Enabling the Future Internet for Smart Cities

Enabling the Future Internet for Smart Cities

INCT members published 3 articles on Open Science in a special issue of Revista Computação Brasil

Computação Brasil número 46 de 2021 - cover

Photo reproduction of the issue front cover

In a special edition of Revista Computação Brasil, dedicated to Open Science and edited by Prof. Claudia Bauzer Medeiros, specialists from the country point out and contextualize issues that are intrinsic to the effective development of collaborative research in the country as well as in the world. Their aim was to show how Open Science can be possible, comprehensive, and sustainable. Members of INCT InterSCity made their contributions with 3 articles included in issue 46 of the journal, published in December 2021.

Christina von Flach (UFBA) and Fabio Kon (InterSCity), in the article “FREE SOFTWARE: PREREQUISITE FOR OPEN SCIENCE”, give us the scenario of the birth and growth of free software in Brazil, and how the strengthening of its culture is urgent and necessary for the appropriation of Open Science practices, in academia and beyond.

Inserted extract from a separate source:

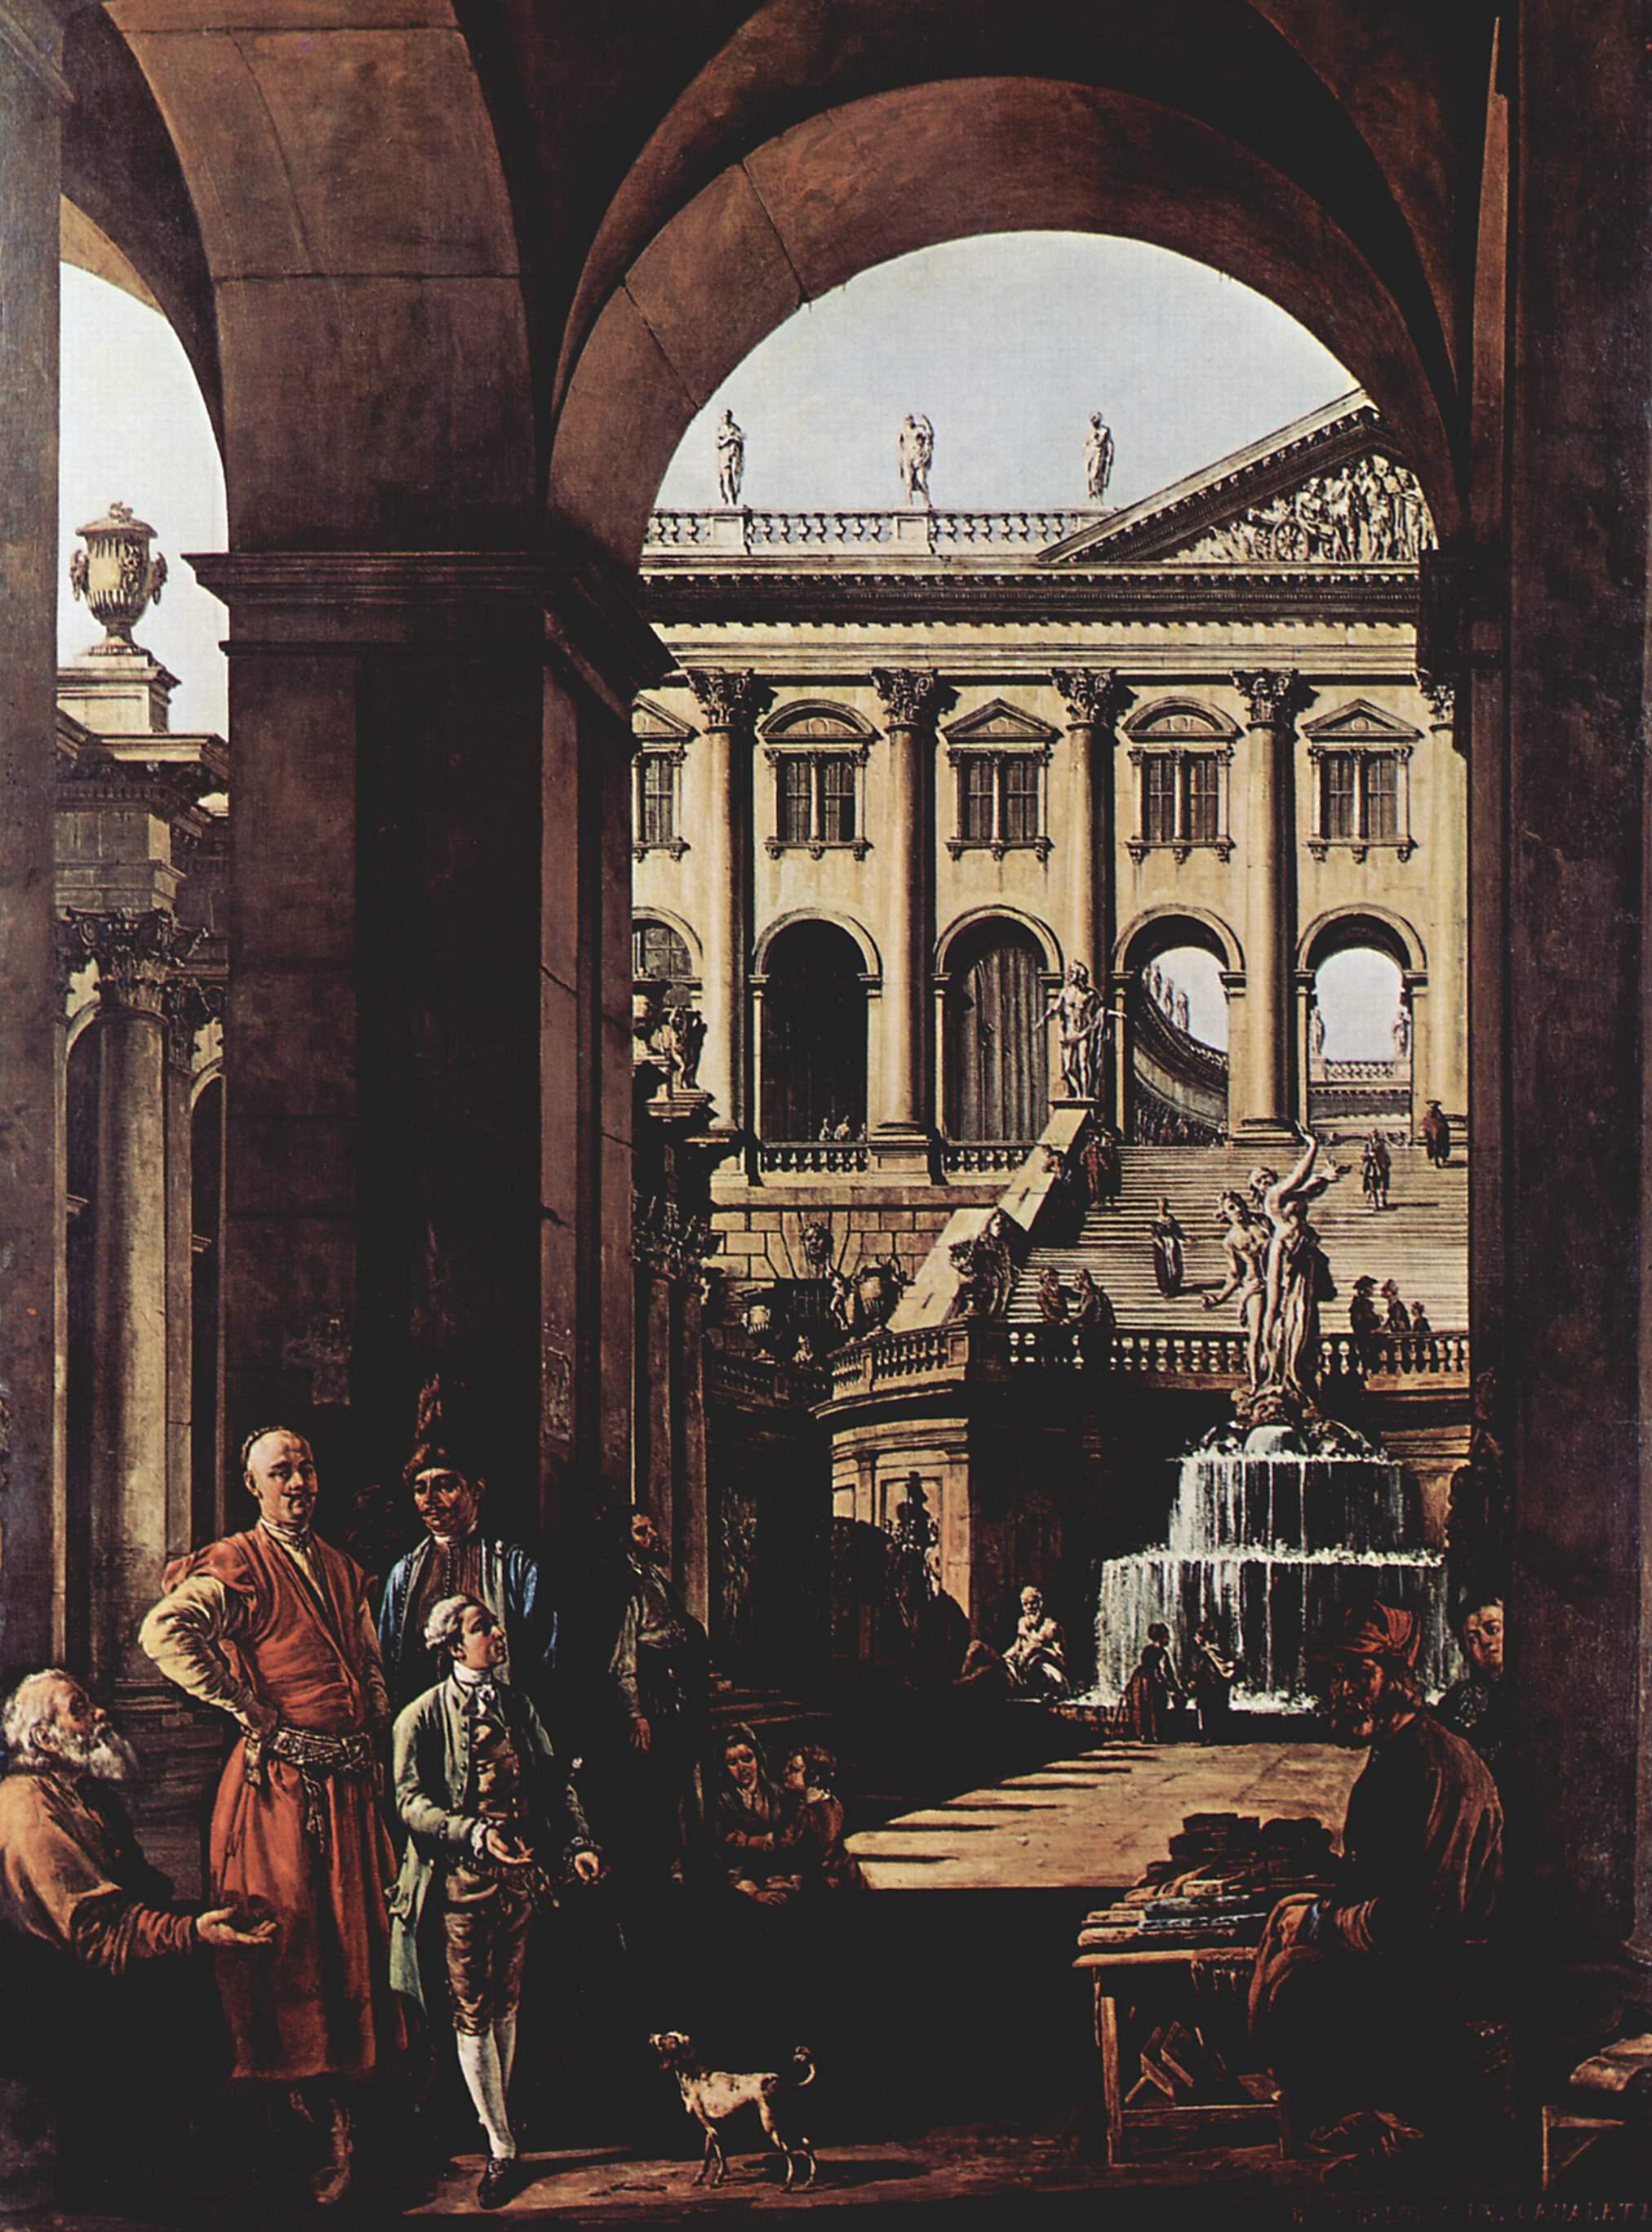 Каприччио, дворцовые ворота, лоджия и большой фонтан в Войода Потоки, Джованни Антонио Каналетто 1
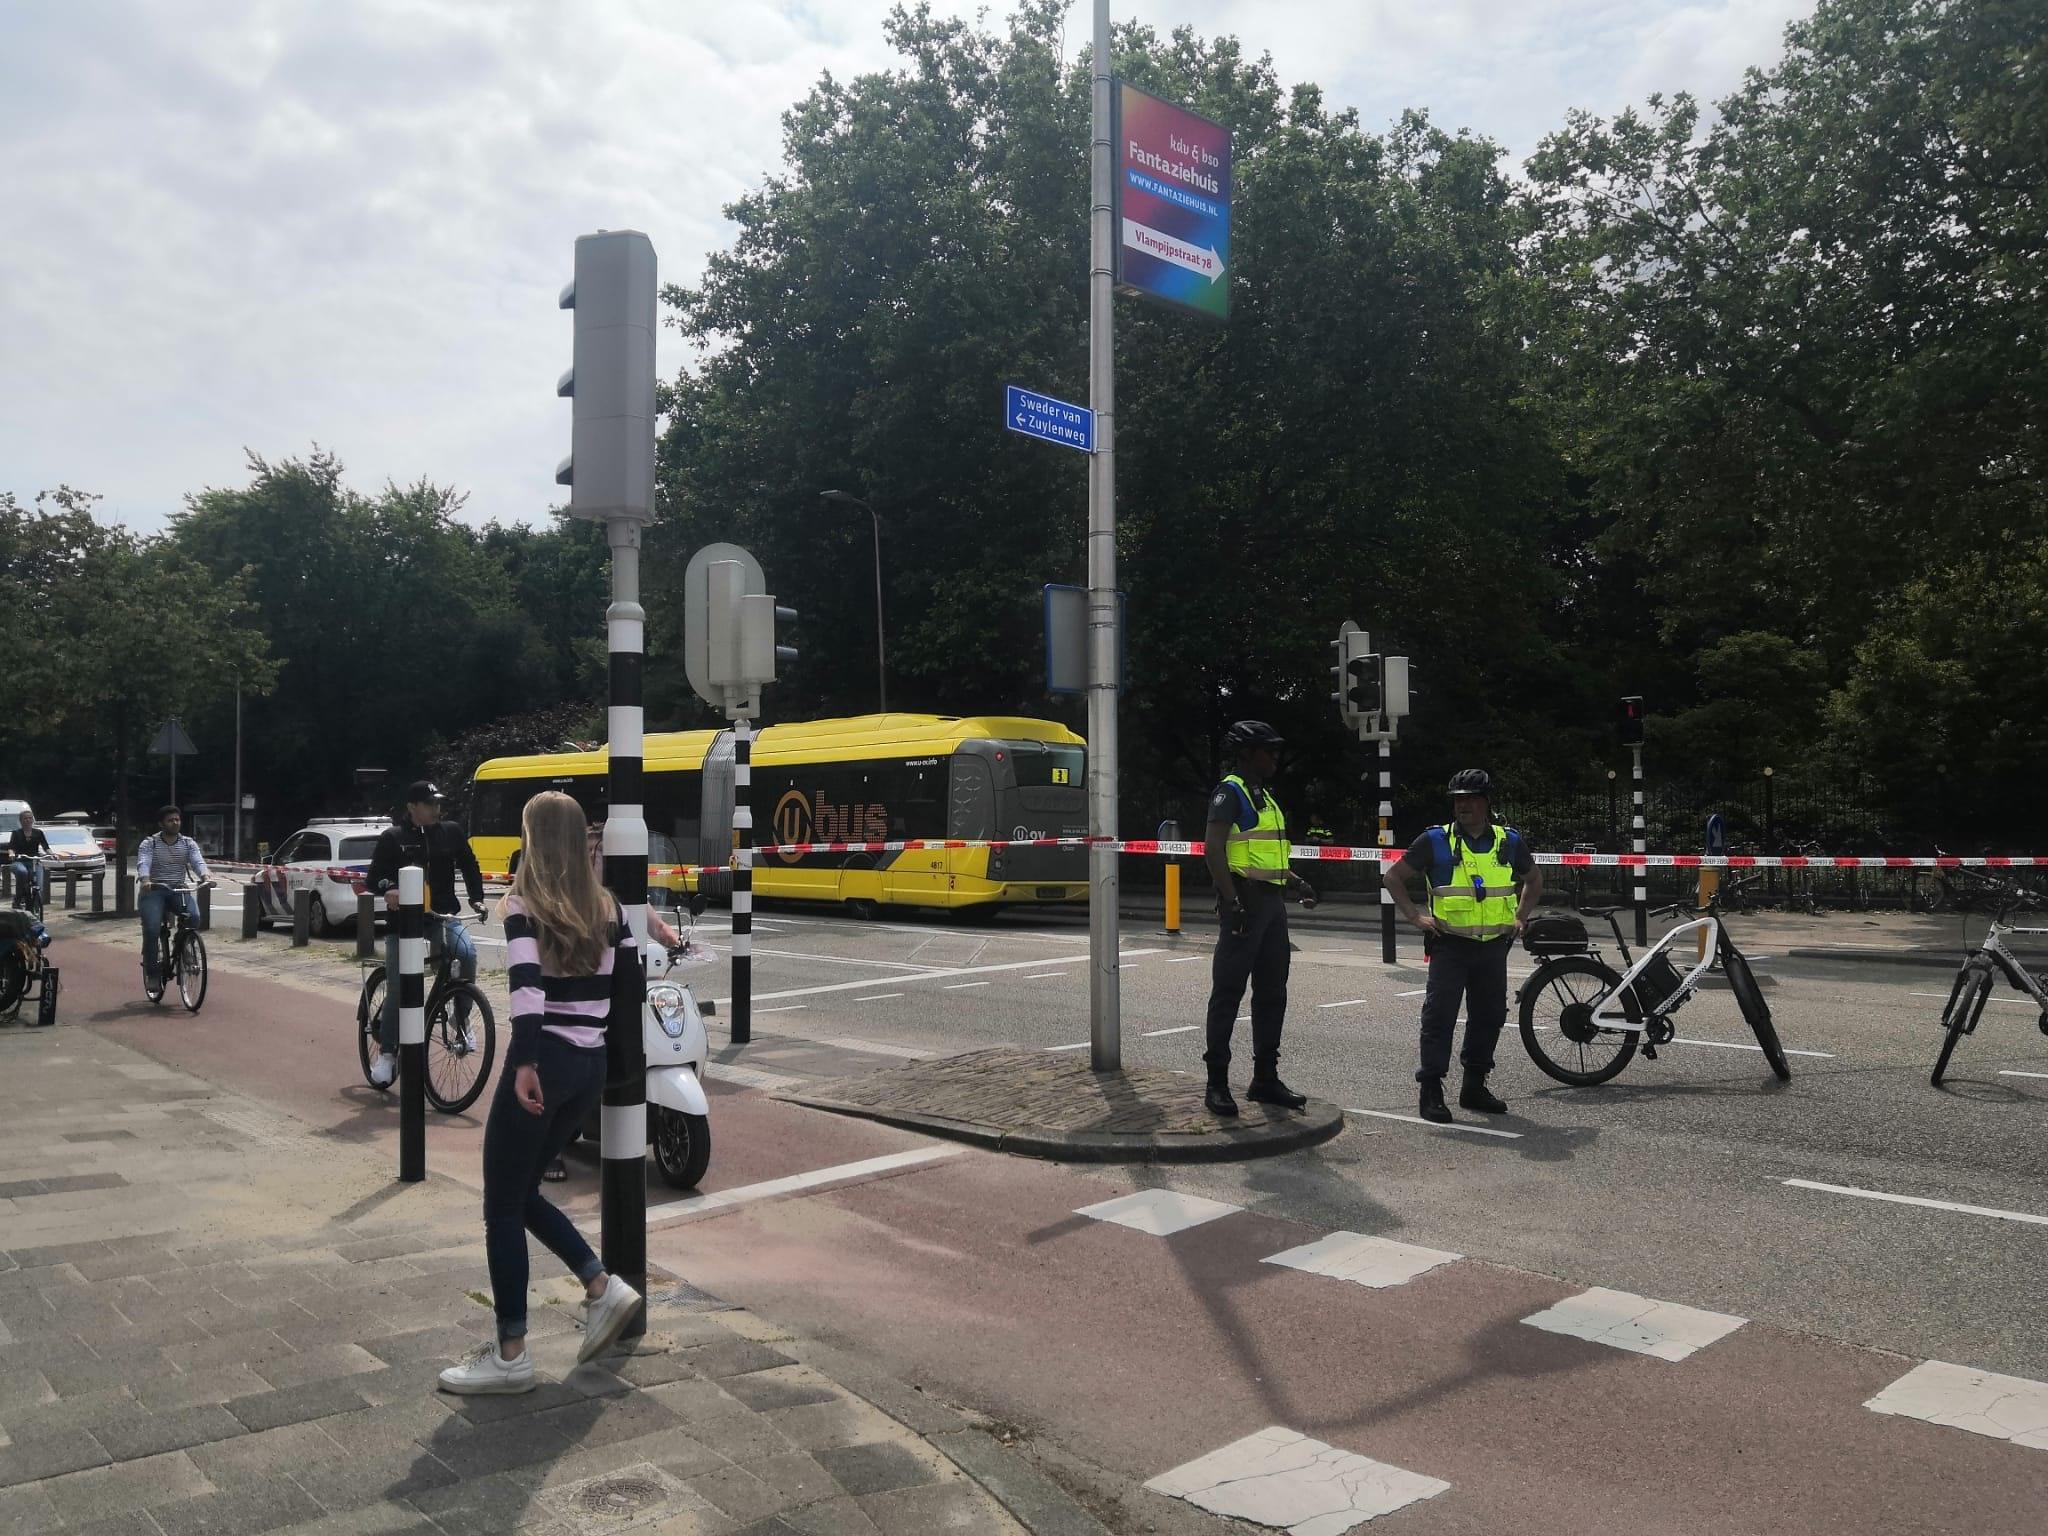 Fietser raakt ernstig gewond bij aanrijding met bus in Utrecht.

The article on page 20 “COMMON CITIZENS HELPING IN THE FIGHT AGAINST THE DEFORESTATION OF TROPICAL FORESTS” introduces the concept of Citizen Science and its importance in Open Science practices, and it gives us the example of the INCT InterSCity project “ForestEyes”, for volumetric monitoring of forests. Fernanda BJR Dallaqua (ICT/Unifesp), Álvaro L. Fazenda (InterSCity), and Fabio A. Faria (ICT/Unifesp) identified how Open Science can be fed back by the practices of Citizen Science, boosting the dissemination and appropriation of knowledge by non-expert members of society, while providing ammunition for research with significant volumes of data.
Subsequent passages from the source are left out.